OBJECTIVES: To compare the epigenetic landscape of 3D cell models of human primary articular chondrocytes (hPACs) and human bone-marrow derived mesenchymal stem cells (hBMSCs) and their respective autologous articular cartilage. DESIGN: Using Illumina Infinium HumanMethylation450 BeadChip arrays, the DNA methylation landscape of the different cell sources and autologous cartilage was determined. Pathway enrichment was analyzed using DAVID. RESULTS: Principal Component Analysis (PCA) of methylation data revealed separate clustering of hBMSC samples. Between hBMSCs and autologous cartilage 86,881 cytosine-phosphate-guanine dinucleotides (CpGs) (20.2%), comprising 3,034 differentially methylated regions (DMRs; Δß > 0.1; with the same direction of effect), were significantly differentially methylated. In contrast, between hPACs and autologous cartilage only 5,706 CpGs (1.33%) were differentially methylated. Of interest was the finding of the transcriptionally active, hyper-methylation of a Cartilage Intermediate Layer Protein (CILP) annotated DMR (Δß = 0.16) in PAC-cartilage, corresponding to a profound decrease in CILP expression after in vitro culturing of hPACs as compared to autologous cartilage. CONCLUSIONS: In vitro engineered neo-cartilage tissue from primary chondrocytes, hPACs, exhibits a DNA methylation landscape that is almost identical (99% similarity) to autologous cartilage, in contrast to neo-cartilage engineered from bone marrow-derived mesenchymal stem cells (MSCs).
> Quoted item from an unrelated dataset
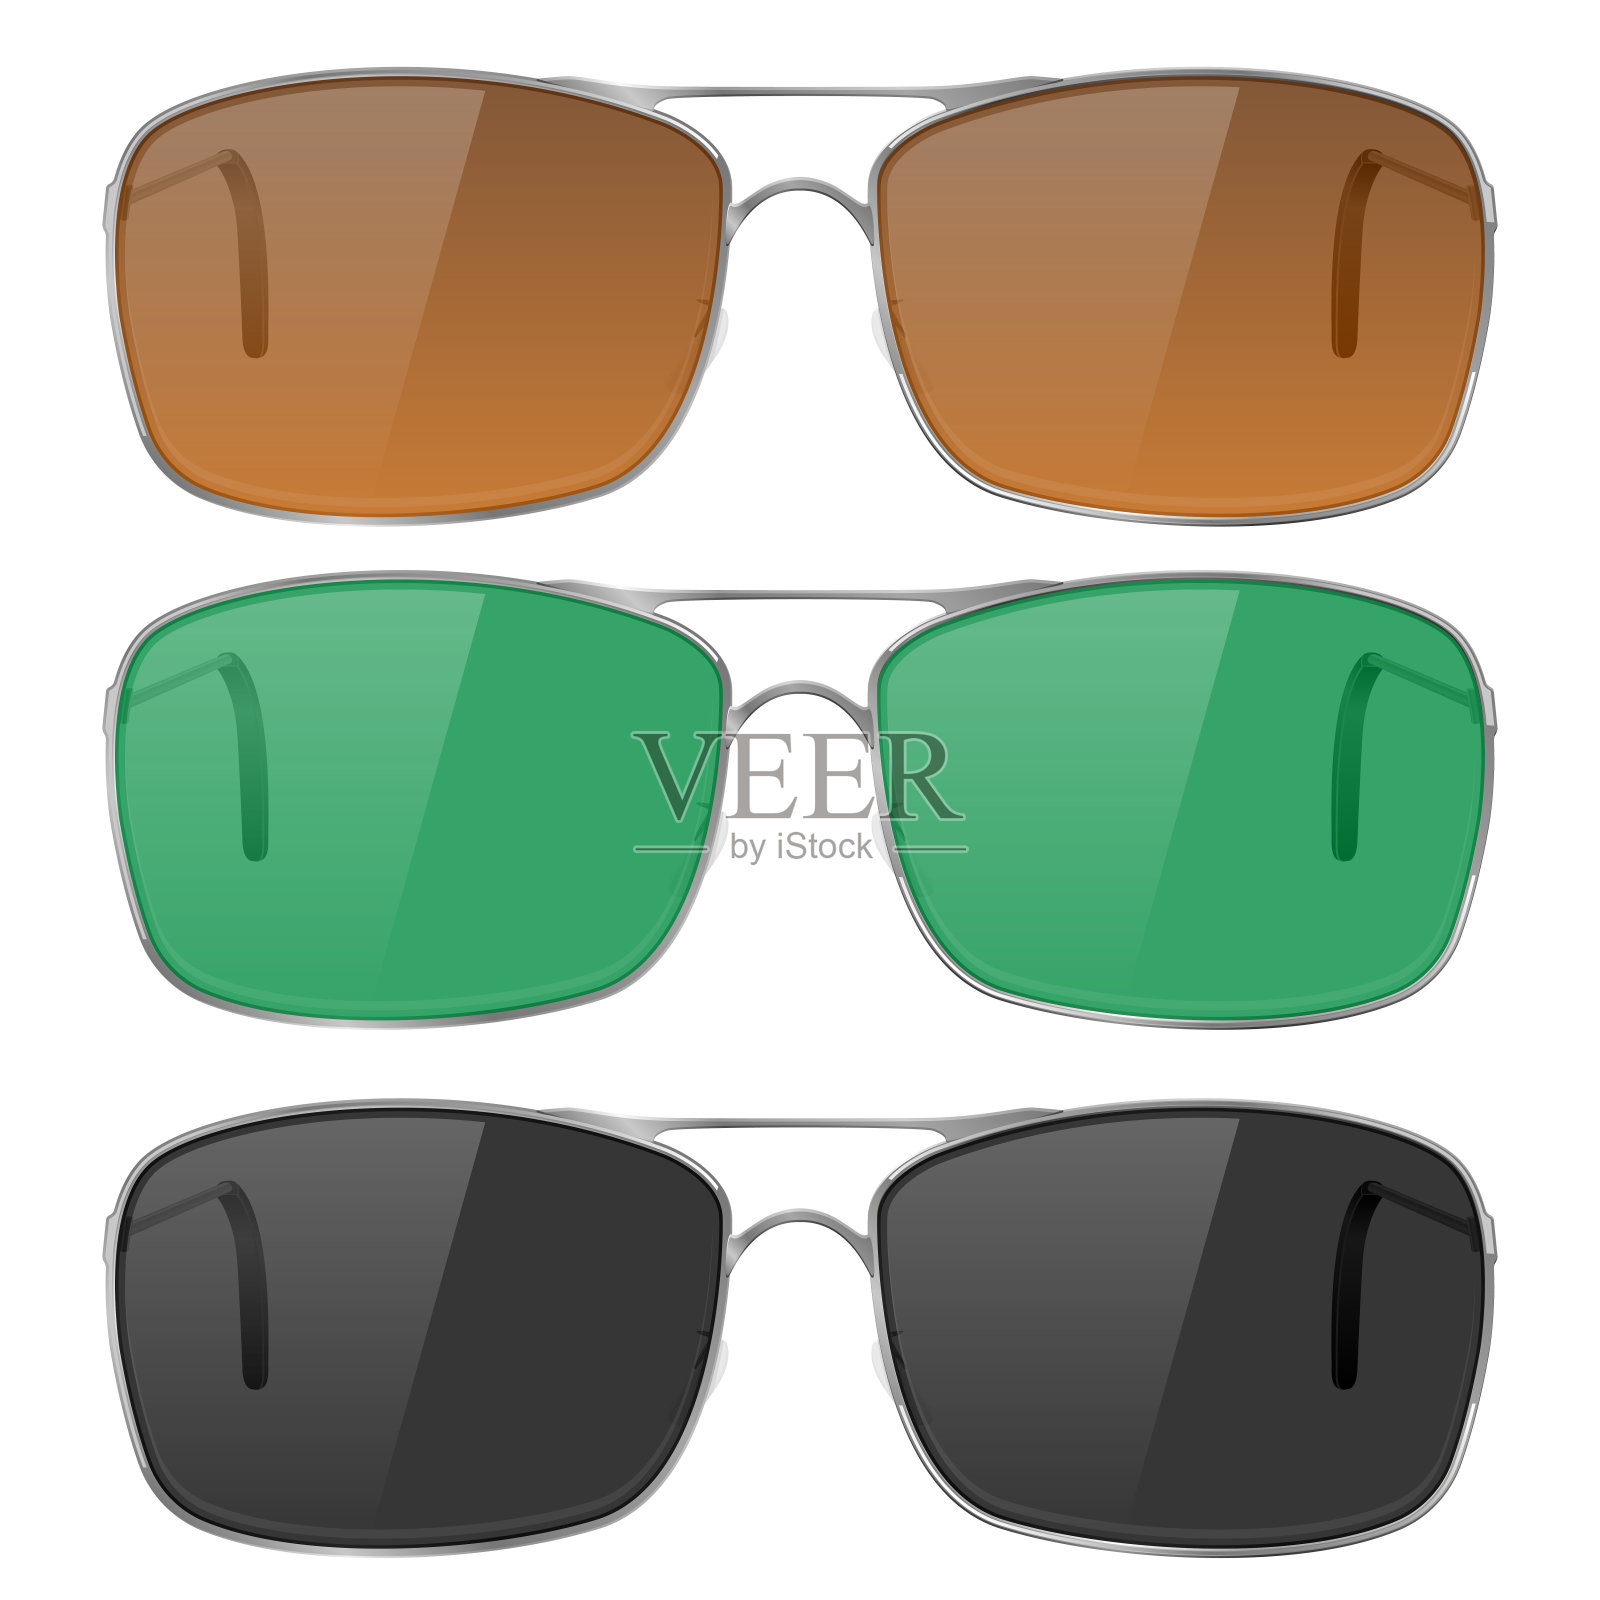 Sunglasses with colored lenses插画图片素材

Although hBMSCs are widely used for cartilage engineering purposes the effects of these vast differences on cartilage regeneration and long term consequences of implantation, are not known. The use of hBMSCs or hPACs for future cartilage tissue regeneration purposes should therefore be investigated in more depth in future endeavors to better understand the consequences of the differential methylome on neo-cartilage.

Knee and hip articular cartilage have distinct epigenomic landscapes: implications for future cartilage regeneration approaches.
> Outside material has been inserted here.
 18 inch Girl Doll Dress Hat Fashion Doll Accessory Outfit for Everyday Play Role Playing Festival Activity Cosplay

OBJECTIVES: To elucidate the functional epigenomic landscape of articular cartilage in osteoarthritis (OA) affected knee and hip joints in relation to gene expression. METHODS: Using Illumina Infinium HumanMethylation450 BeadChip arrays, genome-wide DNA methylation was measured in 31 preserved and lesioned cartilage sample pairs (14 knees and 17 hips) from patients who underwent a total joint replacement due to primary OA. Using previously published genome-wide expression data of 33 pairs of cartilage samples, of which 13 pairs were overlapping with the current methylation dataset, we assessed gene expression differences in differentially methylated regions (DMRs). RESULTS: Principal component analysis of the methylation data revealed distinct clustering of knee and hip samples, irrespective of OA pathophysiology. A total of 6272 CpG dinucleotides were differentially methylated between the two joints, comprising a total of 357 DMRs containing 1817 CpGs and 245 unique genes. Enrichment analysis of genes proximal of the DMRs revealed significant enrichment for developmental pathways and homeobox (HOX) genes. Subsequent transcriptomic analysis of DMR genes exposed distinct knee and hip expression patterns. CONCLUSIONS: Our findings reveal consistent DMRs between knee and hip articular cartilage that marked transcriptomic differences among HOX genes, which were not reflecting the temporal sequential HOX expression pattern during development. This implies distinct mechanisms for maintaining cartilage integrity in adulthood, thereby contributing to our understanding of cartilage homeostasis and future tissue regeneration approaches.